3. Perform the t-test

In [11]:
# 1. Isolate the `drives` column for iPhone users.
### YOUR CODE HERE ###
iphone_drives=iphone_df['drives']
#print(iphone_drives)
# 2. Isolate the `drives` column for Android users.
### YOUR CODE HERE ###
android_drives=android_df['drives']
#print(android_drives)
# 3. Perform the t-test
### YOUR CODE HERE ###
stats.ttest_ind(a=iphone_df['drives'], b=android_df['drives'], equal_var=False)

Ttest_indResult(statistic=1.4635232068852353, pvalue=0.1433519726802059)

**Question:** Based on the p-value you got above, do you reject or fail to reject the null hypothesis?

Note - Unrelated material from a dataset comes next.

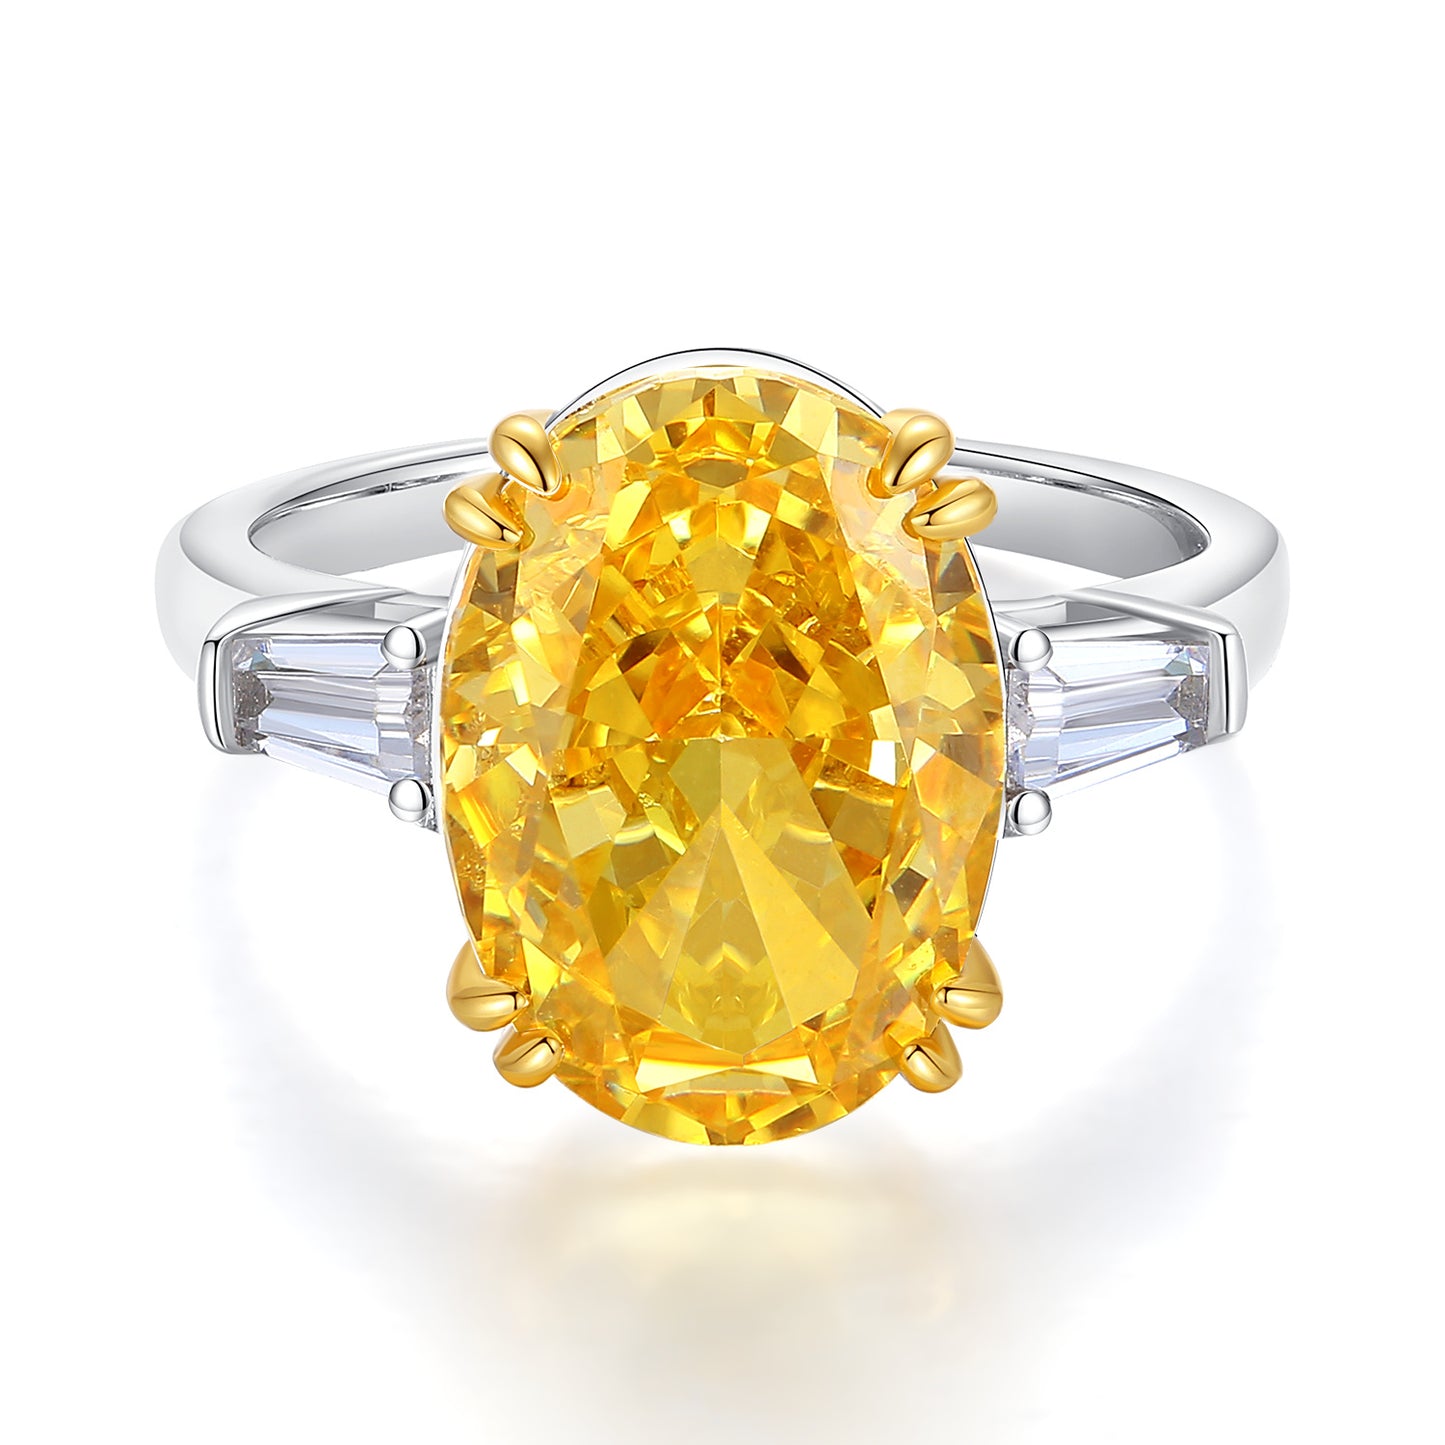 FairyLocus 10ct Fancy Yellow Halo Oval Solitaire Sterling Silver Ring FLCYBSRG09 FairyLocus

==> we have pvalue=0.1433519726802059 which is 14.3%>5% , then we will fail to reject the null hypothesis. in other world the difference between means is due to chance.

## **PACE: Execute**


### **Task 4. Communicate insights with stakeholders**

Now that we've completed our hypothesis test, the next step is to share our findings with the Waze leadership team. Consider the following question as we prepare to write your executive summary:

* What business insight(s) can you draw from the result of your hypothesis test?

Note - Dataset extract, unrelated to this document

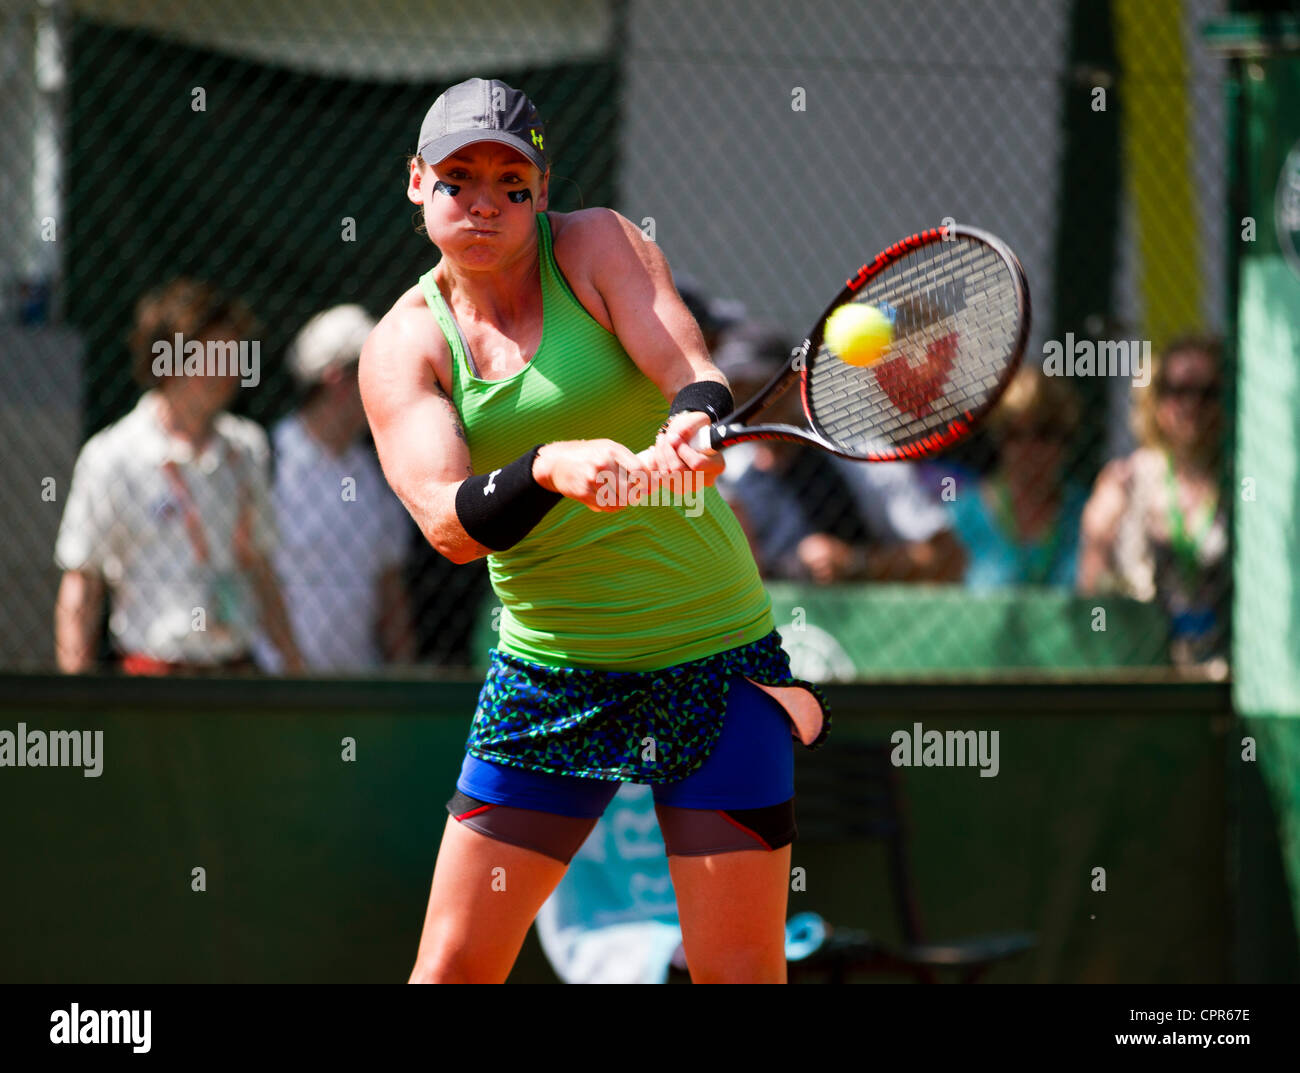 30.05.2012 Paris, France. Bethanie Mattek-Sands in action against Sloane Stephens on day 4 of the French Open Tennis from Roland Garros. Stock Photo

==> The p-value (14.3%) is greater than the commonly used significance level of 5%, meaning we fail to reject the null hypothesis. This suggests that there is no statistically significant difference in the mean number of rides between Android and iPhone users. Therefore, platform type (Android vs. iPhone) does not appear to influence ride activity significantly.